A Family is a Gift That Lasts Forever...

A Family is a Gift That Lasts Forever...

Friday, August 31, 2012

Our Summer Garden

 We planted a garden this year, a very large garden.  It was our first experience with gardening, so we anticipated that it would be a learning experience more than anything.  And yes, we were right.  We learned a lot!  First of all, we knew we’d have deer since we live right near the woods and see deer all the time.  So our first project was putting up a 4 foot fence of chicken wire.  I did this all by myself, thank you very much!  Nate took care of the tilling with his new power push tiller.  Then, the kids and I got to work planting seeds!  We planted sweet corn, lettuce, spinach, green onions, cantalopes, watermelon, pumpkins, potatoes, carrots, tomatoes, and strawberries.   After we planted, we had a very long and hot heatwave with no rain.  The heat scorched some of our seedlings and unfortunately our spinach, and root plants like potatoes and carrots, never came up.  I think our dirt is still clay-like as well which may have played into the problem with the root plants.  So we started a compost and will work that into our dirt for next summer so our dirt is finer and more workable. 



 The corn came up thriving, which was so exciting for the kids to see.  Every day we’d go out and it would be taller…eventually taller than them and they just couldn’t believe it.  And our green beans too were thriving.  BUT, we had thieves.  We found hoof prints in our dirt, our corn had been broken and trampled on, and the tops of our green been plants had obviously been chomped off.  We couldn’t deny that deer had actually been walking around inside our fence!  So they could hop over 4 feet!?  Wow, we didn’t see that one coming!  Nate’s solution?  An alarm system.  He placed a motion detector on a tall pole in the middle of the garden facing the “tempting plants.” 
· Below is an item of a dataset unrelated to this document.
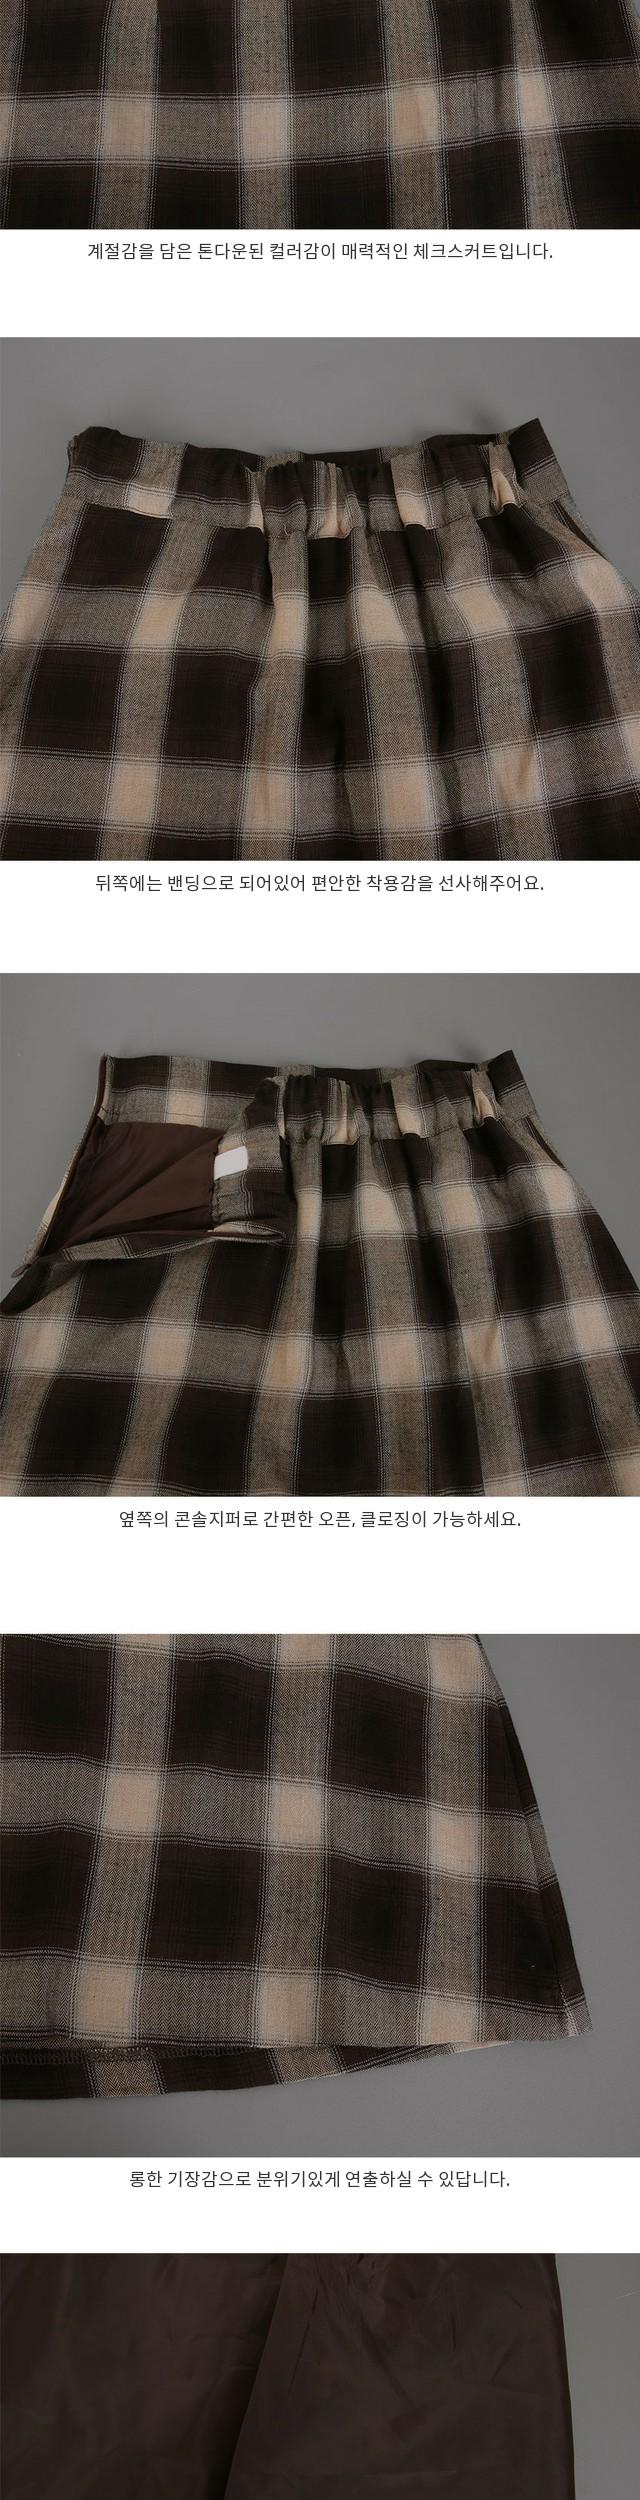 Cookie-check skirt

 It would catch 180 degrees of any movement for quite a distance.  It started to go off almost every morning around 4 or 5 am when the deer were out.  Sure enough, deer were in our garden.  The first couple times Nate ran out there with a shovel or tool and chased them away in the dark in his jammies.  It was quite a funny sight.  Pretty soon, they slowed down coming and the sound of the siren often scared them away too.  Problem solved!!!  The corn was demolished, but the green beans grew back, thankfully. 




Our tomato plants have been producing more than enough tomatoes.  I have been skinning them, seeding them, and dicing them and freezing them.  I use lots of diced tomatoes in recipes, and since I don’t have a canner, freezing them in the same amount as a can works well.  We also have been snapping green beans and freezing them.  We got one yummy salad out of our lettuce, but our lettuce didn’t thrive through the heat.  Our strawberries are more delicious and flavorful than any strawberries I have ever tasted.  They make the store bought kind taste like paper, flavorless.  



Our next problem came to the pumpkins.  We were introduced to squash bugs.  They are evil things!  They slowly start munching on the leaves of pumpkin vines and lay eggs on the green leaves.  After a while we started to notice that the pumpkin vine leaves were turning brown and wilting.  Turning them over we realize there are hundereds of these tiny squash bugs all over the leaves and vines, destroying them.  Every day more and more of the vine leaves were wilting.  One day we tried to catch as many squash bugs as we could with gloves, scooping them into a big bucket.  Cooper went around squishing and destroying all the little red eggs he could find.  And Jaxton caught a few squash bugs but was too grossed out to keep catching them.  It was an impossible feat to conquer them at this point.  Slowly, all of our pumpkin vines died off.  We saved 1 beautiful pumpkin that would have grown quite large if allowed to do so, but we cut it off the vine before it could die.  It is a good 10 inches tall and maybe 7 inches diameter.  Perfect to carve.  We picked it green and it slowly ripened on our counter and the boys have been asking to carve it!  That will be fun!  Next year we will spray our pumpkin vines with some kind of pest control since we won’t be eating the pumpkins, just carving them.  After the pumpkins were gone, the squash bugs moved on to their second favorite, the cantelopes.  And thirdly, the watermelons.  We may have a few cantelopes and watermelons survive, since there were tons of them out there, but unfortunately, those bugs are taking over our vine plants.  Now we know for next year.  


 We were going out to pull weeds in our garden every afternoon, however, with the heat it was nearly impossible to get the boys to work through their sweat and too tiresome for me.  So we decided to change things up a bit and work before breakfast, just like they did in the old fashioned days.  I told the boys that long ago, kids had to get up super early and go milk cows and take care of the animals.  Well, we would do the same, we’d get up and pull weeds before breakfast.  So that is what we did for the majority of the summertime and in fact, the boys loved it.  They would stay outside longer than needed, play in the dirt, destroy weeds, and examine bugs and plants of all kinds.  It definitely was refreshing to be outside and working hard early in the morning air.  It got the kids working and being involved in the garden and was a great learning experience for them to see things grow from seeds!